During the discussion, prompt students to explain the meaning of any terminology they use, such as “original amount,” “new amount,” “increase,” and “decrease,” and to clarify their reasoning as needed. Consider asking:
“How do you know . . . ?”
“What do you mean by . . . ?”
“Can you say that in another way?”
If not mentioned by students, ask them to discuss the amount that corresponds to 100% for each diagram.
7.2
Activity
Standards Alignment
Building On
Addressing
7.RP.A.3
Use proportional relationships to solve multistep ratio and percent problems. Examples: simple interest, tax, markups and markdowns, gratuities and commissions, fees, percent increase and decrease, percent error.
In this activity, students complete double number line diagrams that represent situations involving percent increase and percent decrease. For each situation, two values are given. Students interpret the situation to determine where to label the given values on the double number line diagram. Then students can use the diagram to find the unknown, third value, whether it is the new amount, the original amount, or the percentage of the increase or decrease. The goal is to reinforce that the original amount pertains to 100%.
In this activity, students critique a statement or response that is intentionally unclear, incorrect, or incomplete and improve it by clarifying meaning, correcting errors, and adding details (MP3).
This activity uses the Critique, Correct, Clarify math language routine to advance representing and conversing as students critique and revise mathematical arguments.
Launch
Arrange students in groups of 2. Give 5–8 minutes of partner work time.
Action and Expression: Internalize Executive Functions. To support development of organizational skills in problem-solving, chunk this task into more manageable parts. For example, present one question at a time, and monitor students to ensure they are making progress throughout the activity. Supports accessibility for: Organization, Attention
Activity
None
For each problem, complete the double number line diagram to show the percentages that correspond to the original amount and to the new amount.
Last year, scientists counted 12 foxes in a conservation area. This year, they counted 50% more than that. How many foxes did they count this year?
A double number line for “number of foxes” with 4 evenly spaced tick marks. On the top number line, zero is on the first tick mark and the remaining tick marks are not labeled. On the bottom number line starting with the first tick mark zero percent, 50 percent, 100 percent, and 150 percent are labeled.
After replacing some grass with rocks, a business decreased its water usage by 20%. If their old water usage was 15,000 gallons per week, how much do they use now?

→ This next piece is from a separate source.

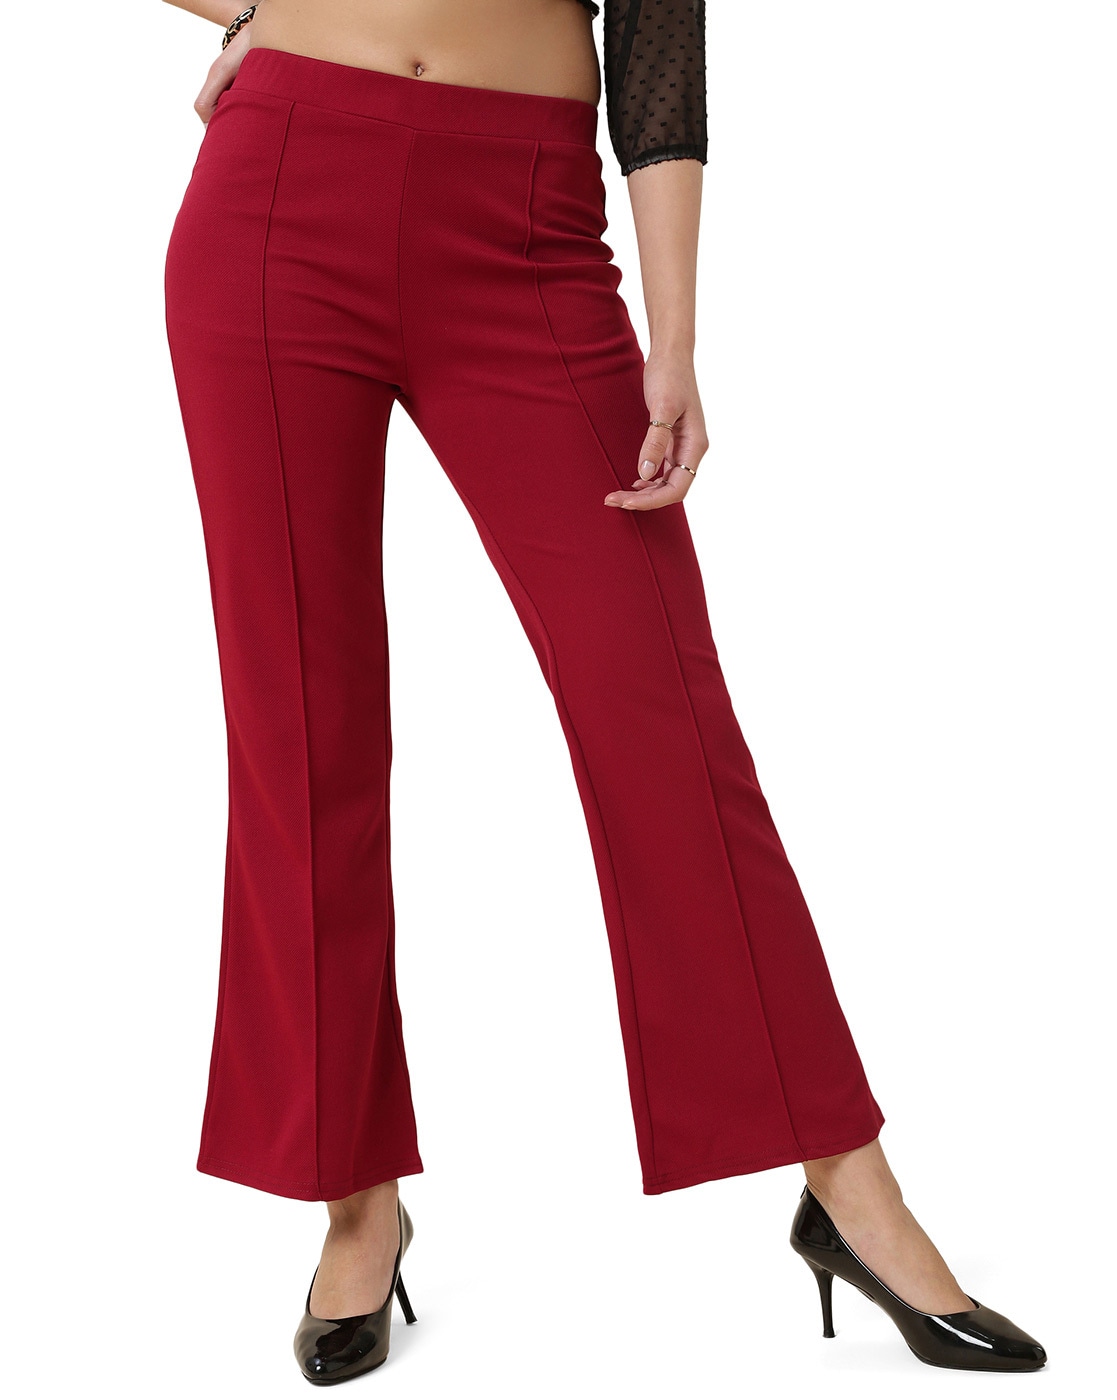 Comfy WideLeg Pants Inspired by Kate Middletons Style

A double number line for “water usage in gallons” with 7 evenly spaced tick marks. On the top number line the number zero is on the first tick mark and the remaining tick marks are not labeled. The bottom number line, starting with the first tick mark, zero percent, 20 percent, 40 percent, 60 percent, 80 percent, 100 percent, and 120 percent are labeled.

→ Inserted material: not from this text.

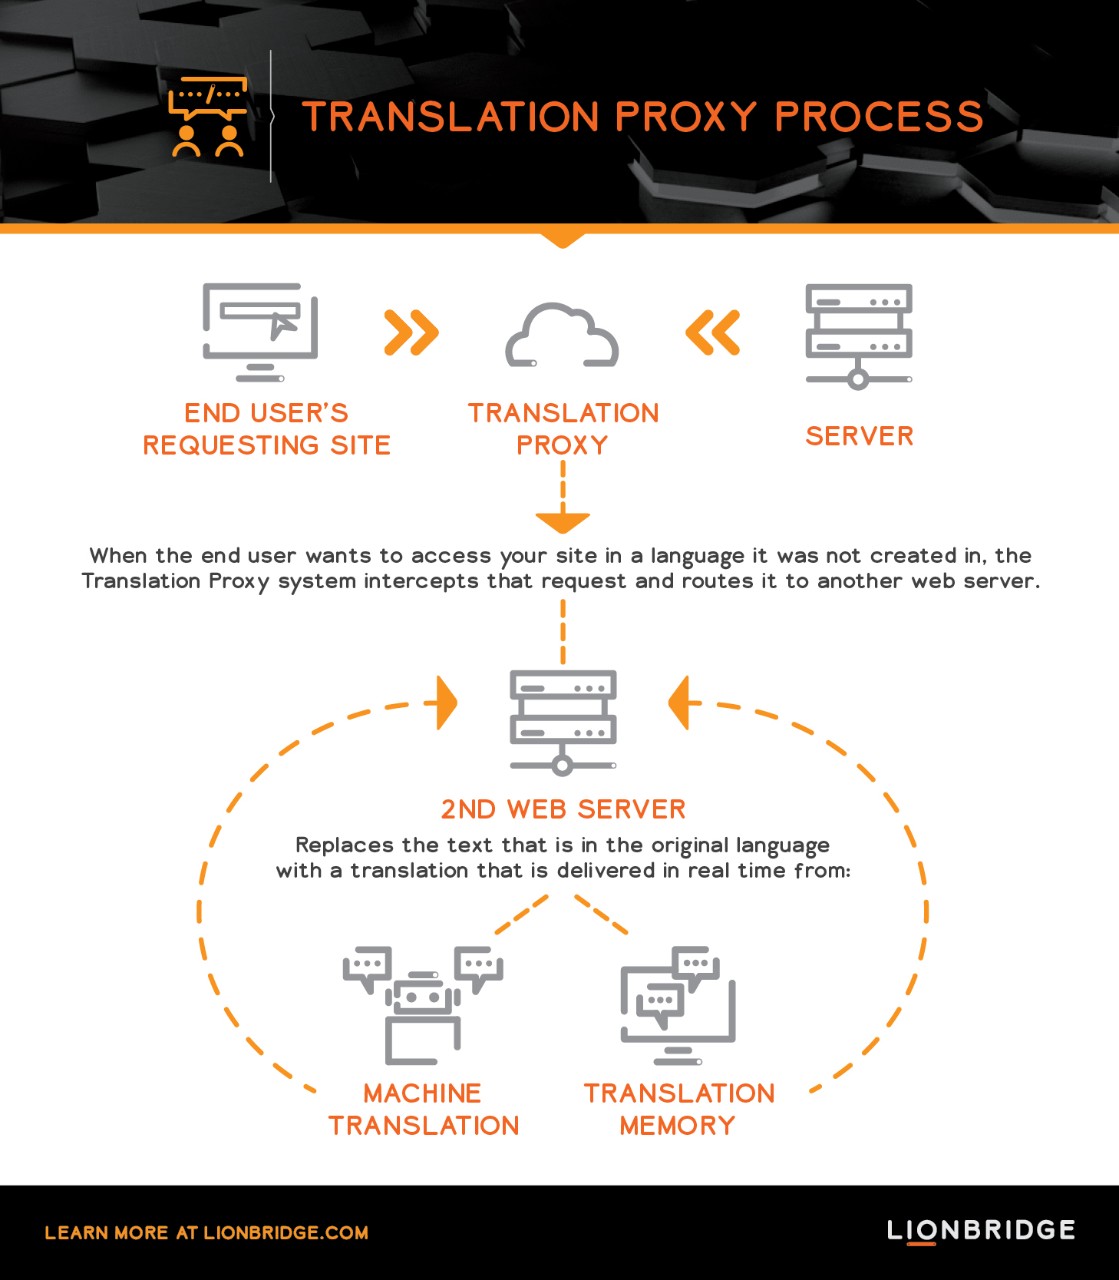 A diagram showing the process a Translation Proxy uses to translate text

A school had 1,200 students last year and only 1,080 students this year. What was the percent decrease in the number of students?
Double number line, top line number of people, evenly spaced tick marks labeled 0, 120, 240, 360, 480, 600, 720, 840, 960, 1080, 1200. Bottom line, corresponding tick marks, first labeled 0% and the rest blank.
One week, gas was \$1.25 per gallon. The next week, gas was \$1.50 per gallon. By what percentage did the price increase?
A double number line for “price of gas in dollars” with 9 evenly spaced tick marks. On the top number line starting with the first tick mark zero, zero point 2 5, zero point 5, zero point 7 5, one, one point 2 5, one point 5, one point 7 5 and 2 are labeled. On the bottom number line, zero percent is on the first tick mark and the remaining tick marks are not labeled.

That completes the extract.